Wow.. i like those a lot  /emoticons/[email protected] 2x" width="20" height="20" />

I would agree with Cirean, tucked in is probably best, and if you didn't tuck them in, you'd cover up all the cool furry-ness and design of them! And they definitely would look cute with a skirt, IMO.


----------



## spice7 (Dec 9, 2005)

Thanks guys!!

That is what i figured...

The main reason I was asking is bc I want to be able to wear them to work as welll... and i cant really wear them tucked in at work... but I think I am going to get them anyway!! :icon_chee


----------



## mzbees (Dec 9, 2005)

Another vote for tucked in or skirts. Those are cute!


----------



## tashbash (Dec 9, 2005)

I agree with everyone.
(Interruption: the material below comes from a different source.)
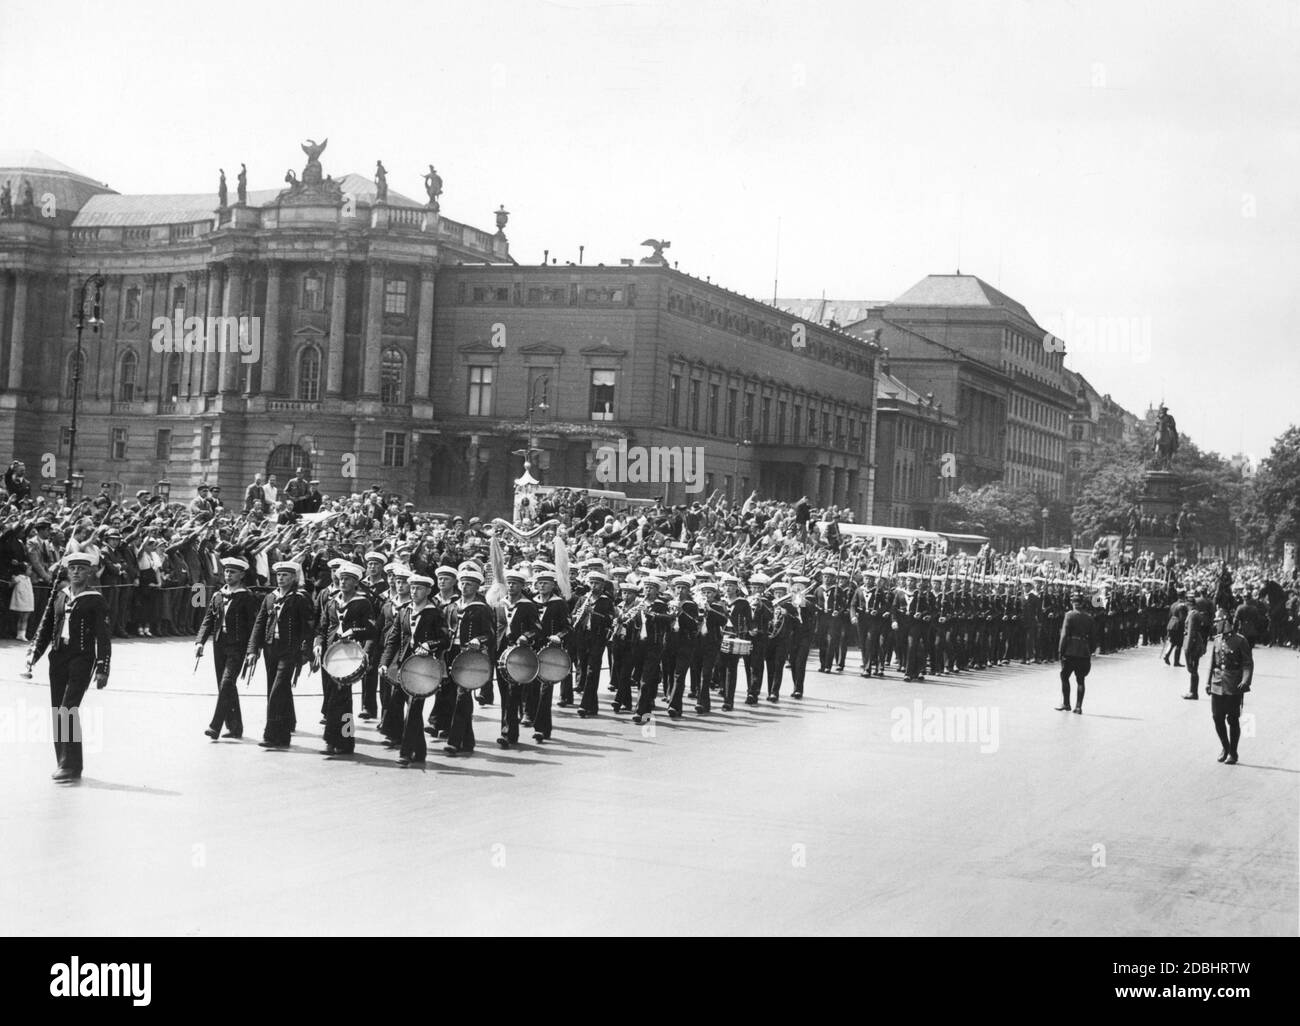 Una banda di marching del Reichsmarine, seguita da molti altri marinai, attraversa la strada Unter den Linden a Berlino nel 1933. La gente al lato della strada esegue il saluto nazista. Sullo sfondo si trovano l'Alte Bibliothek (a sinistra), l'Alte Palais (a destra) e la statua equestre di Federico il Grande (a destra). Foto Stock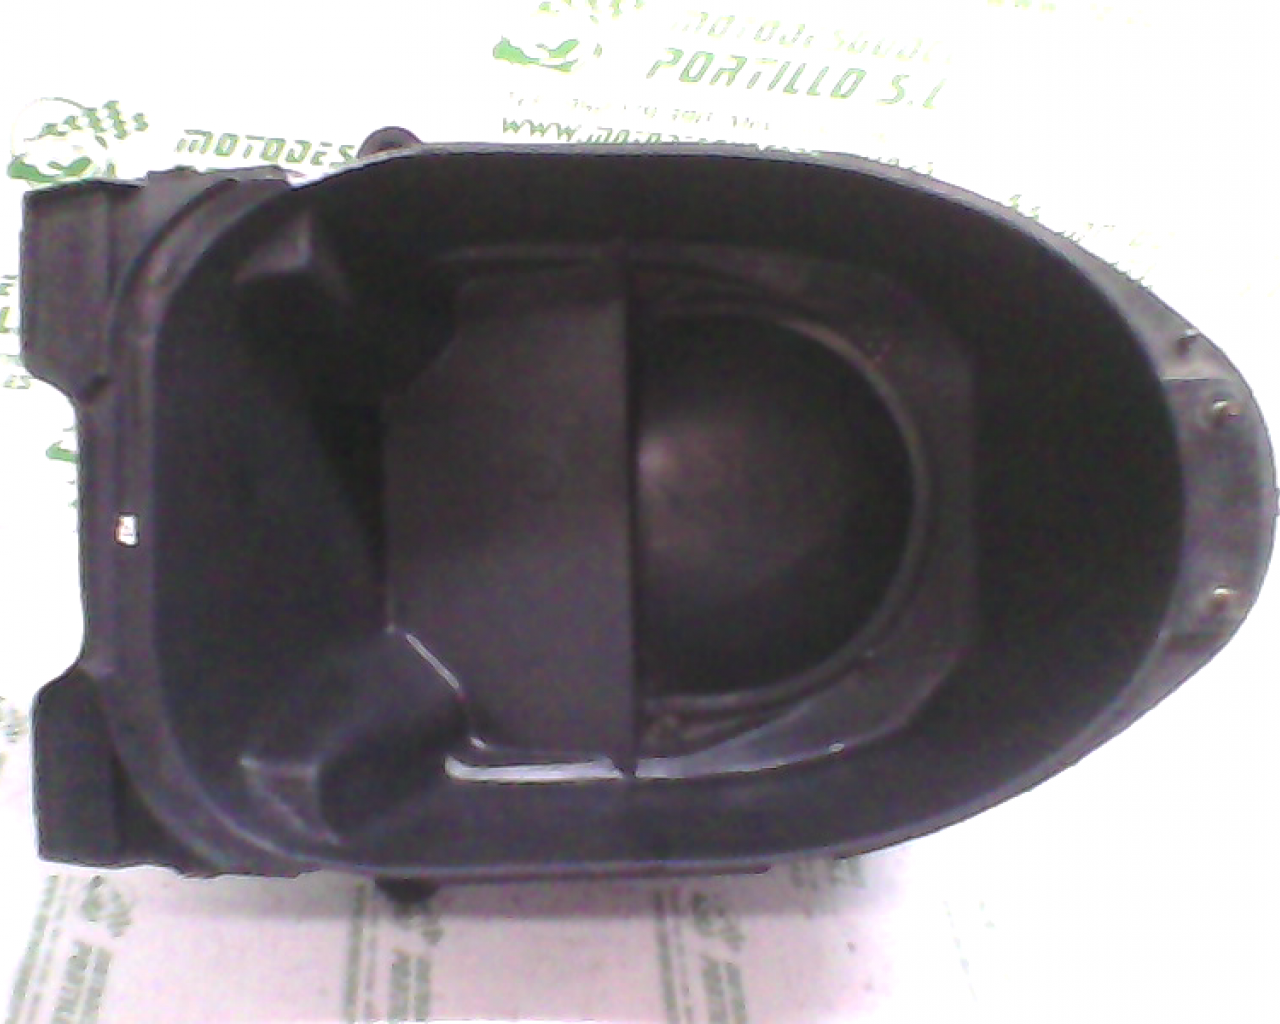 Porta-casco PIONNER QM-125-T (2009-2010)

Definately hot and I would invest in them! They would really look cute with a skirt.


----------



## rosebeauty34 (Dec 9, 2005)

Those boots are sooo cute. They would look fantastic with skirts. hmmm, wonder if Santa Hubby would get me those for Christmas. :icon_chee


----------



## spice7 (Dec 9, 2005)

I bought the boots!!

Thanks for all the help... you guys gave me just the push I needed to buy them hehe...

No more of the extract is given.